Памятник А. Н. Островскому в Щелыкове. Скульптор А. П. Тимченко
Такая одежда облегчала сношения драматурга с окрестными крестьянами. Это, в частности, подчеркивала и местная жительница М. И. Иванова в разговоре с корреспондентом В 1936 г.: «В сенокос, вооружившись граблями, Александр Николаевич ходил на луг. В русской рубахе-косоворотке, белой или кумачовой, он был таким простым и доступным каждому что крестьяне не стеснялись обратиться к нему с любым вопросом». В прохладную и пасмурную погоду Островский, выходя на прогулку, надевал на себя что-нибудь и из верхней одежды.

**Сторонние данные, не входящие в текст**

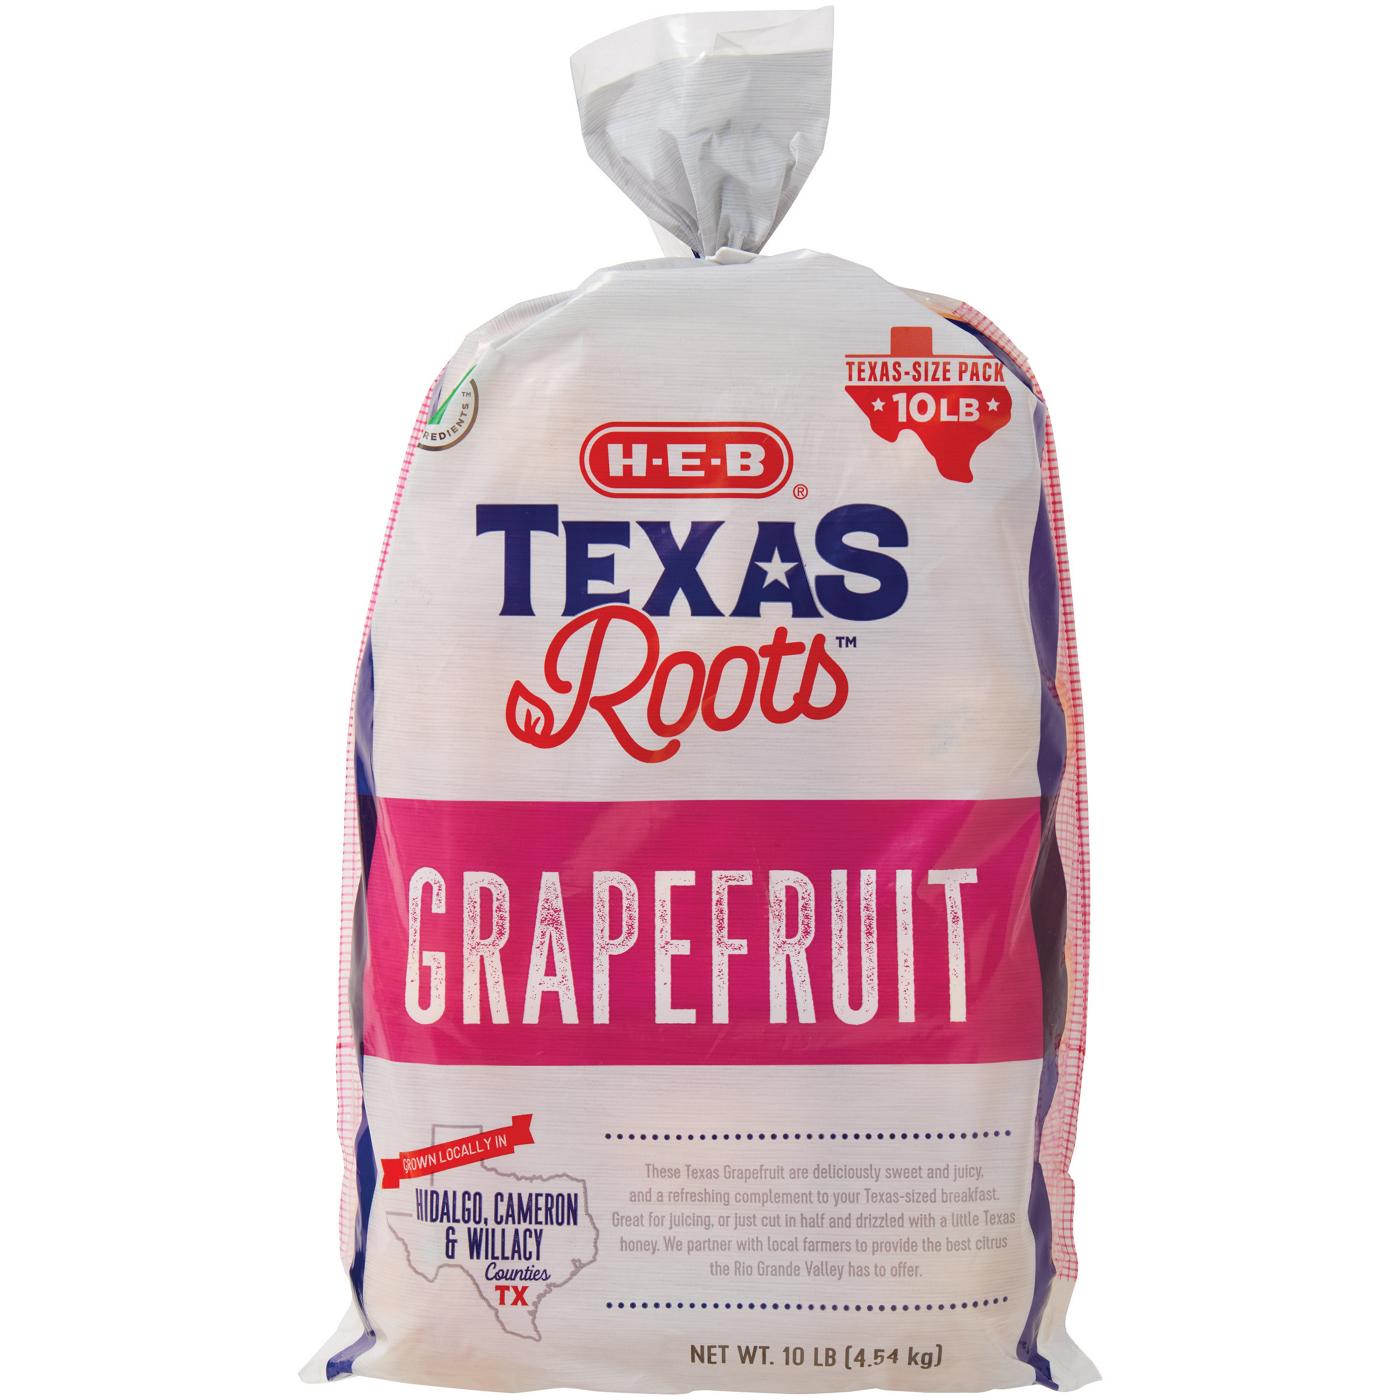 H-E-B Texas Roots Fresh Grapefruit - Texas-Size Pack; image 1 of 3

Скульптор увековечил его на памятнике в рубахе в сапогах, не решился лишь покрыть ему голову широкополой шляпой – нам как-то трудно представить в ней Островского.
Монумент прост, непретенциозен. И стоит он так, что хорошо виден из усадьбы, а все, идущие в дом-музей, проходят мимо бронзового Островского. Летом на постаменте памятника всегда лежат букеты цветов – их приносят туристы. А зимой – сосновые веточки.